--- Work required ---
The answer is the line containing "Wyrmwood Table Accessory" plus every line after it to the end of the material, retyped exactly and without the pictures.

--- Given data ---

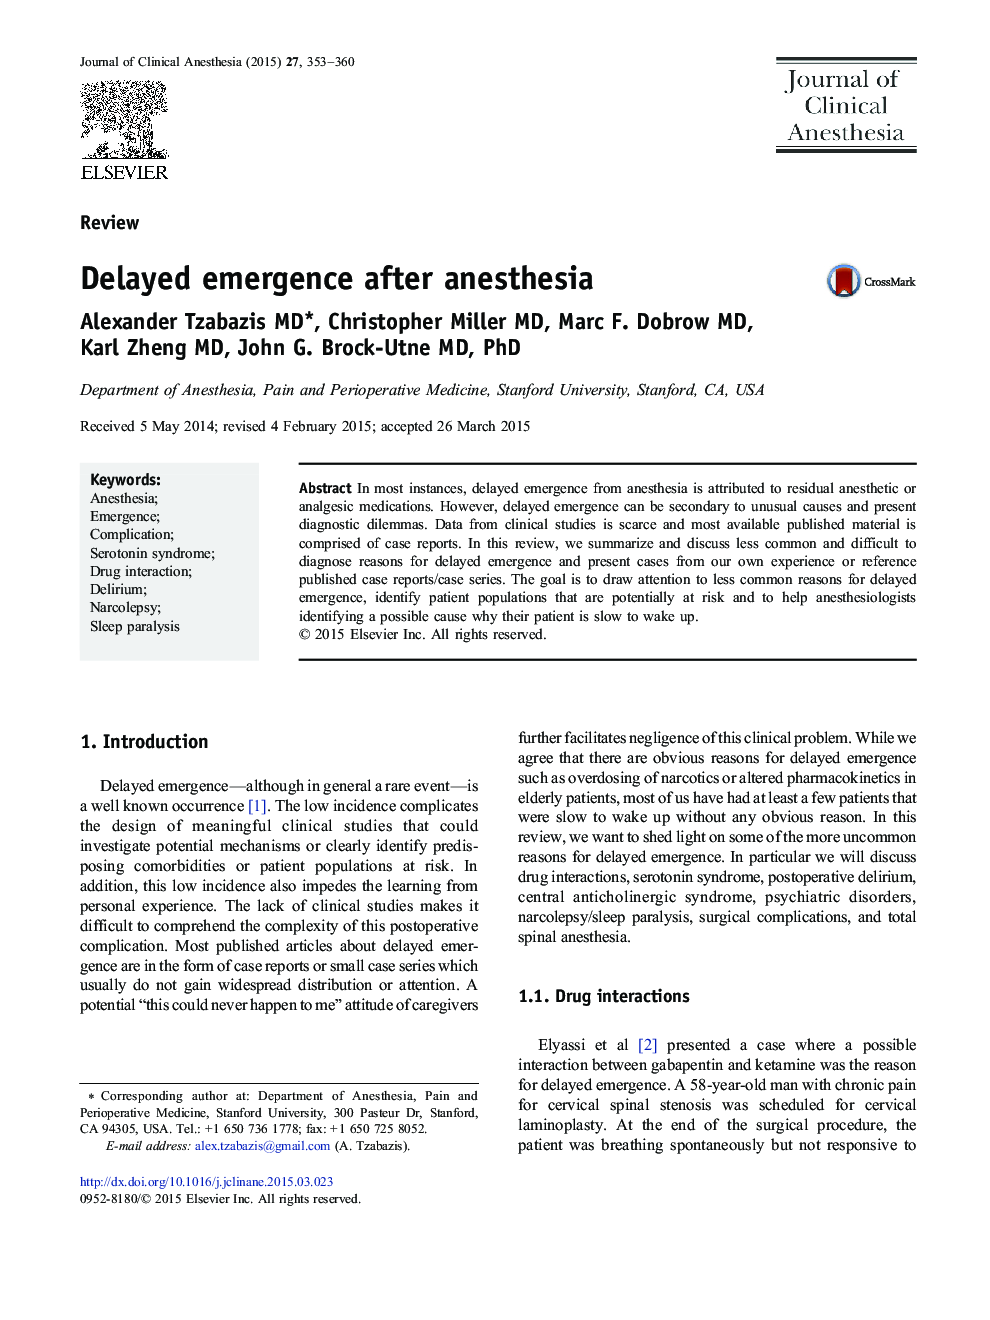 Delayed emergence after anesthesia
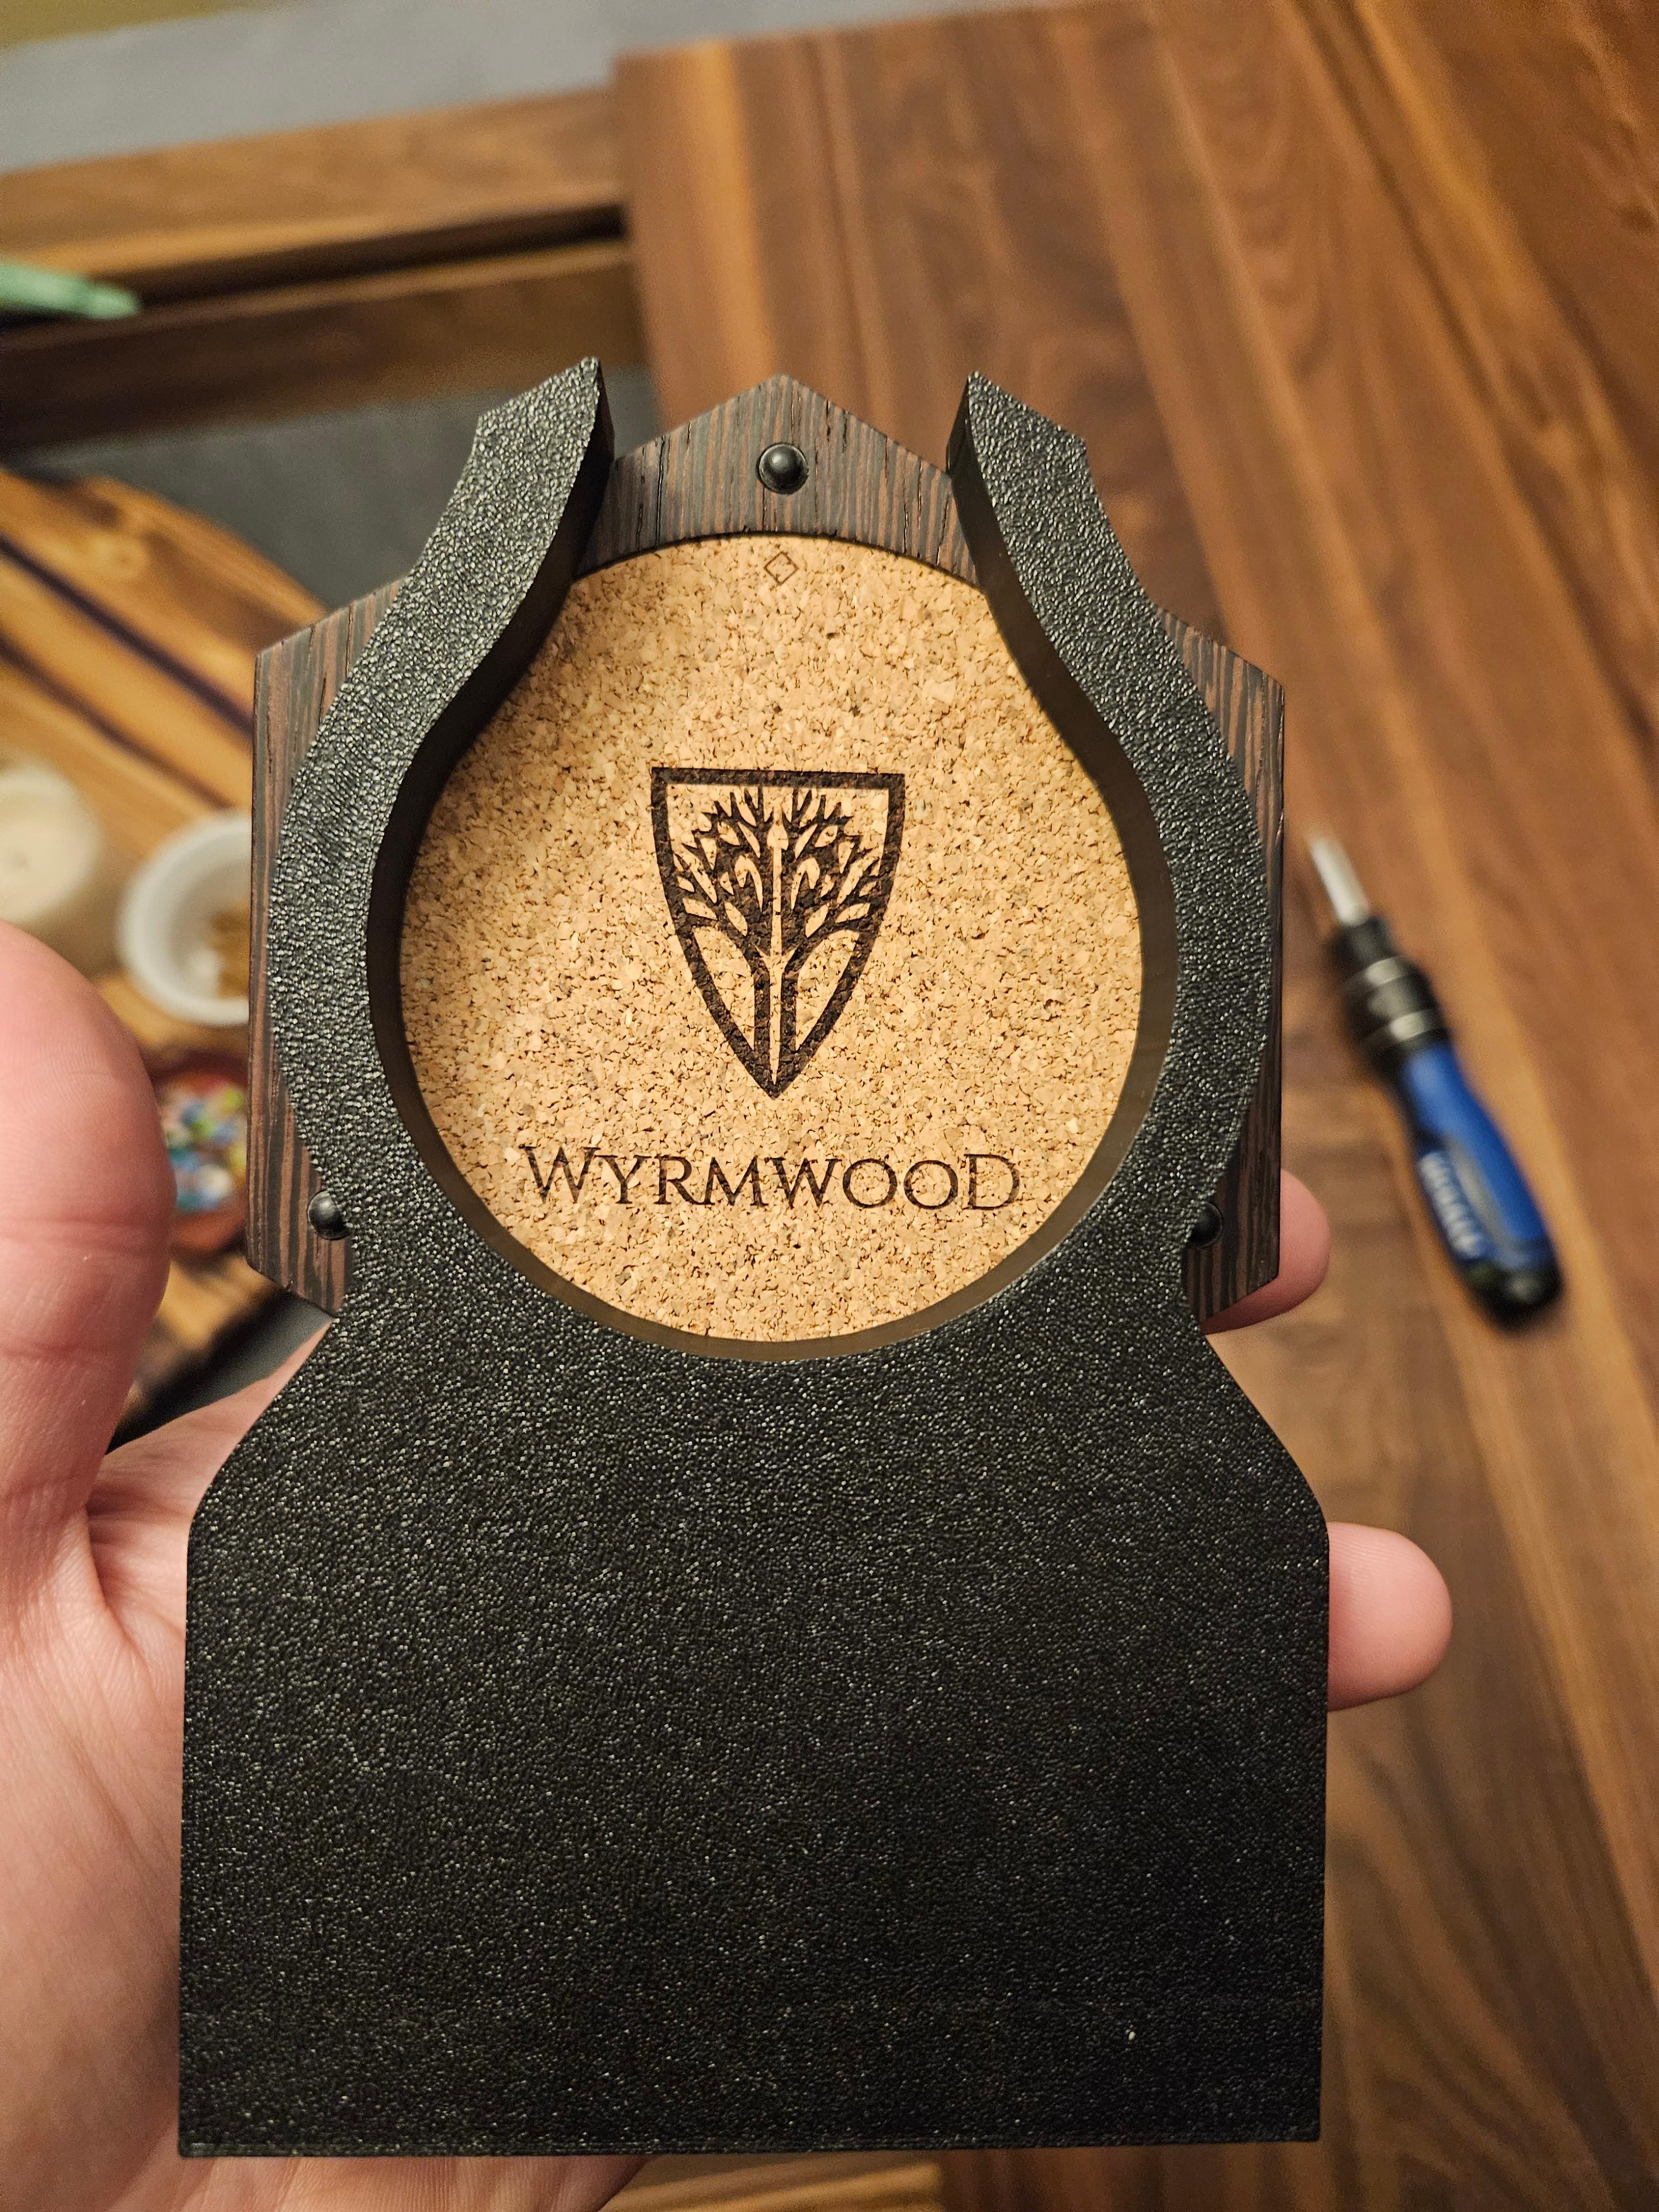 Wyrmwood Table Accessory - Hex tile cup holder.stl 3d model
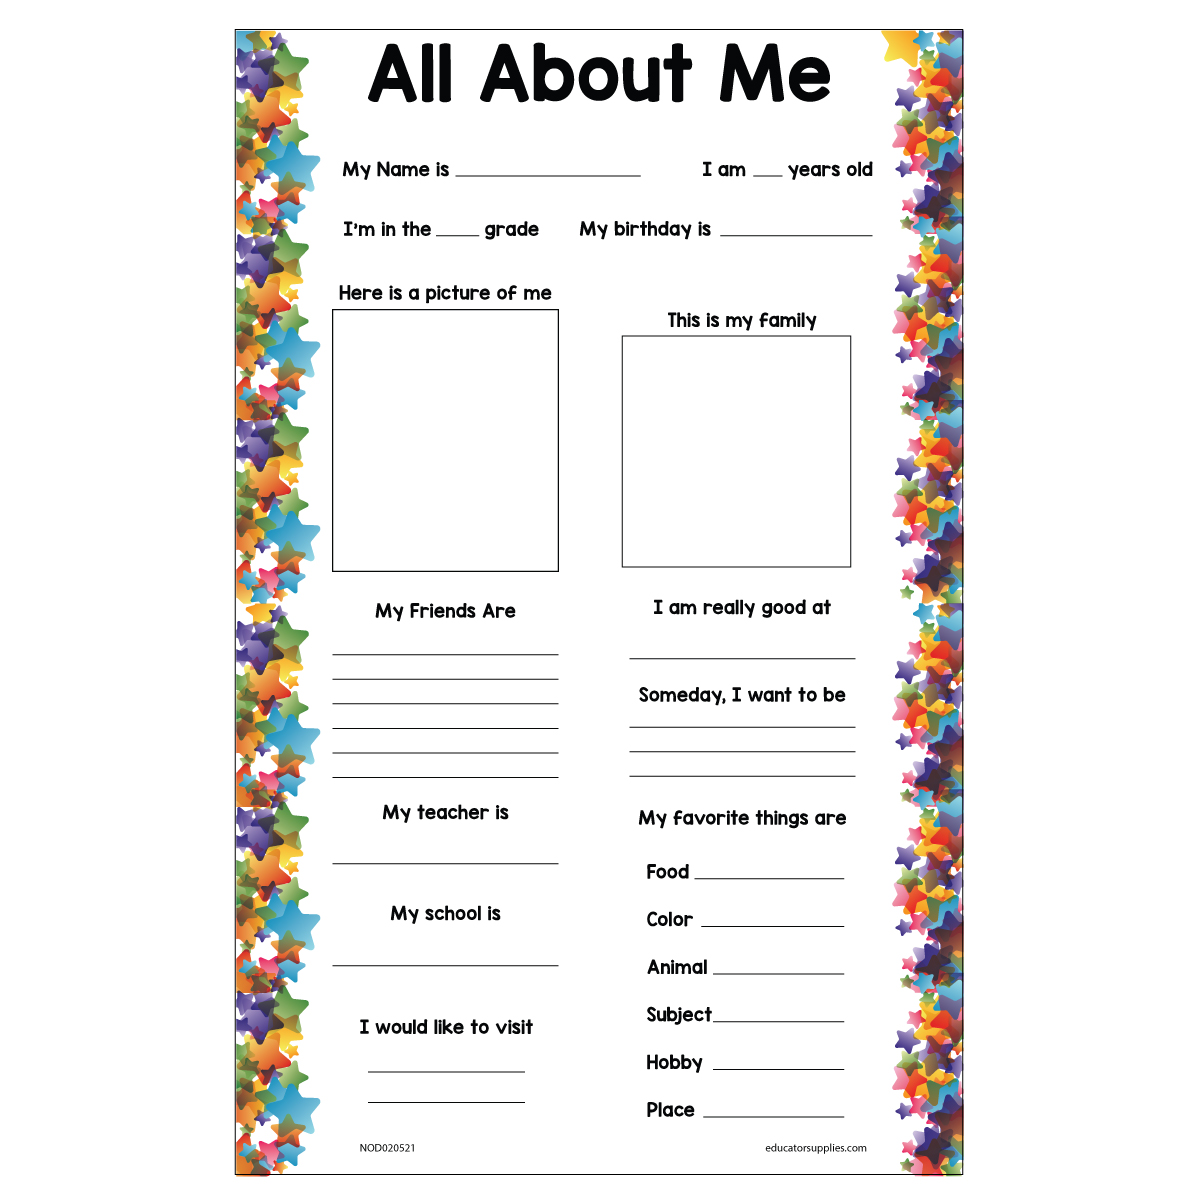 All About Me Posters 30 per Set

--- Answer for the task ---
 Wyrmwood Table Accessory - Hex tile cup holder.stl 3d model
 All About Me Posters 30 per Set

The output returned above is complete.